Gail’s was founded by Israeli baker Gail Mejia in the 1990s and serves freshly handmade bread, pastries, and cakes. Its first store opened in 2005 in London’s Hampstead High Street with the help of Israeli entrepreneur Ran Avidan, and today, there are hundreds of locations in and around London. Gail’s was voted the best bakery chain in Britain last year. Meija and Avidan no longer have any involvement in the company.
The European Jewish Congress condemned the “deeply concerning” anti-Israel graffiti found on Gail’s Bakery. “Targeting a local business because of perceived Jewish or Israeli associations reflects a troubling normalization of hostility that must be firmly rejected,” the EJC wrote in a post on X. “Such acts have no place in our societies and must be unequivocally condemned.”
In a statement given to The Algemeiner, the Campaign Against Antisemitism called on London’s Metropolitan Police to ensure those responsible for the vandalism are punished for their actions.
Last summer, hundreds of people signed a petition criticizing the opening of a Gail’s in east London and several of them said they opposed the new location because of the bakery’s “Zionist” ties, according to The Jewish Chronicle.
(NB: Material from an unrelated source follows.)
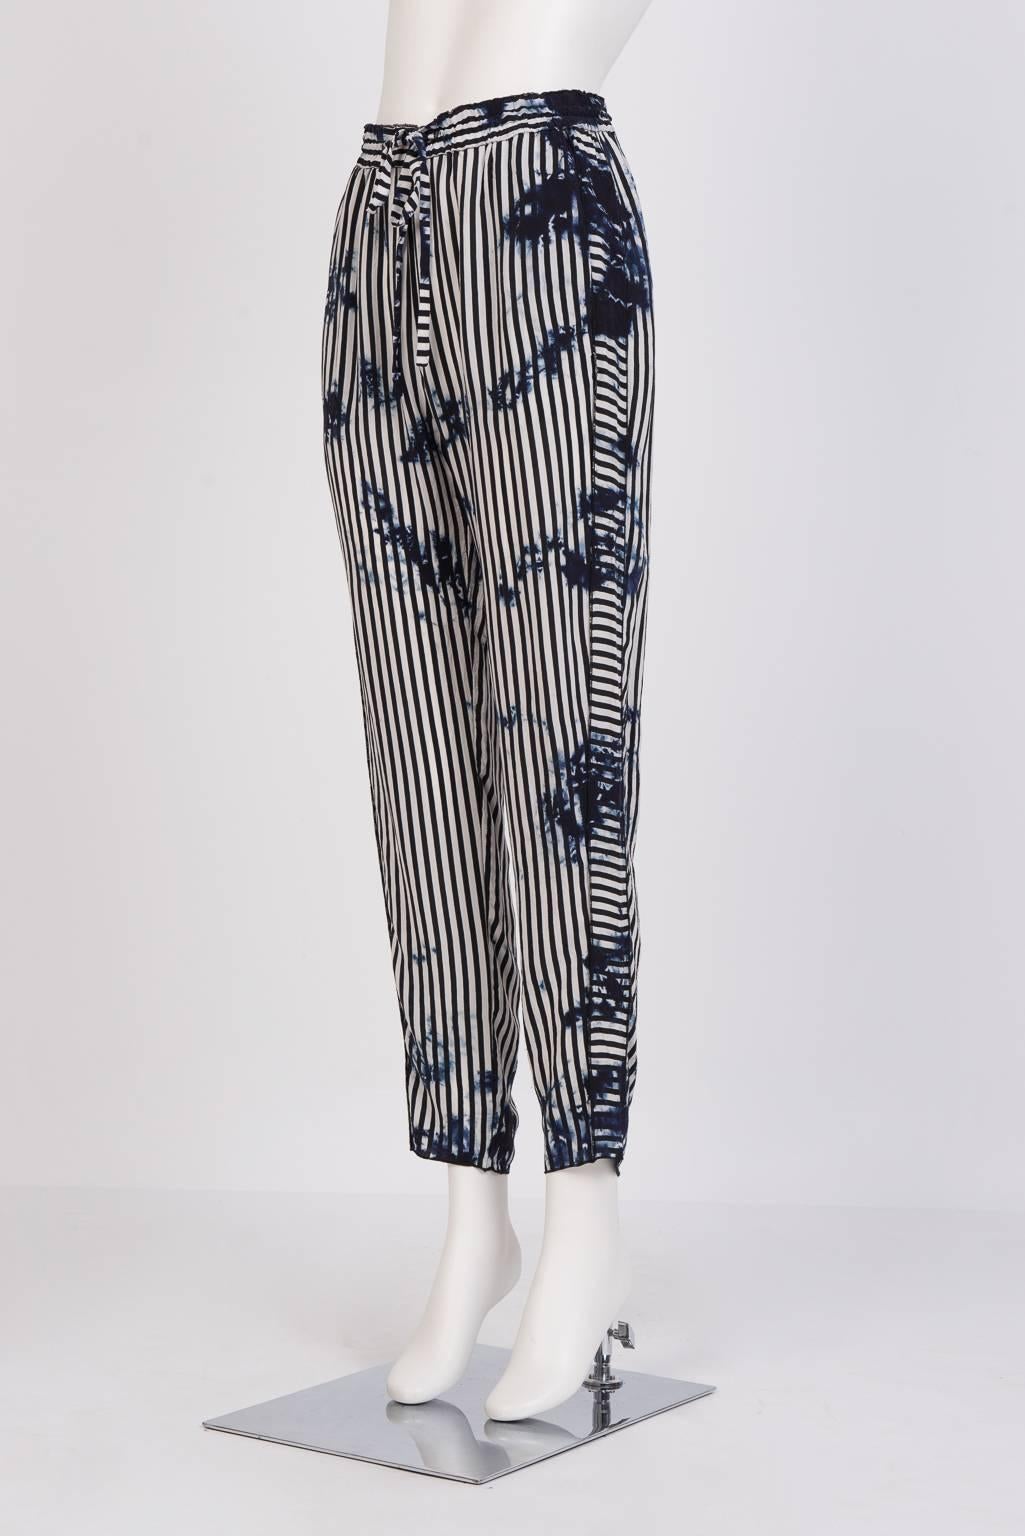 Hand made in Los Angeles lightwieght drawstring trousers with a play on tie-dyed black & white stripes in opposite directions

In a statement released to The Guardian at the time, the company reiterated that it is “a UK-based business with no specific connections to any country or government outside of the UK and does not fund Israel.”
In an interview with The Times in 2024, Gail’s co-founder and CEO Tom Molnar denied the “ludicrous” accusations that the company is owned by Israel or funds the Jewish state.
“Gail’s proudly has Jewish roots and there’s plenty of stuff out there celebrating our heritage and history, but it’s not true it’s Israel-owned,” he said. “There’s some just crazy stuff on the web thinking we are funding Israel, which is just completely ridiculous. We’re a wholly UK-based business, paying UK taxes, it’s just ludicrous and I think it needs to be called out.”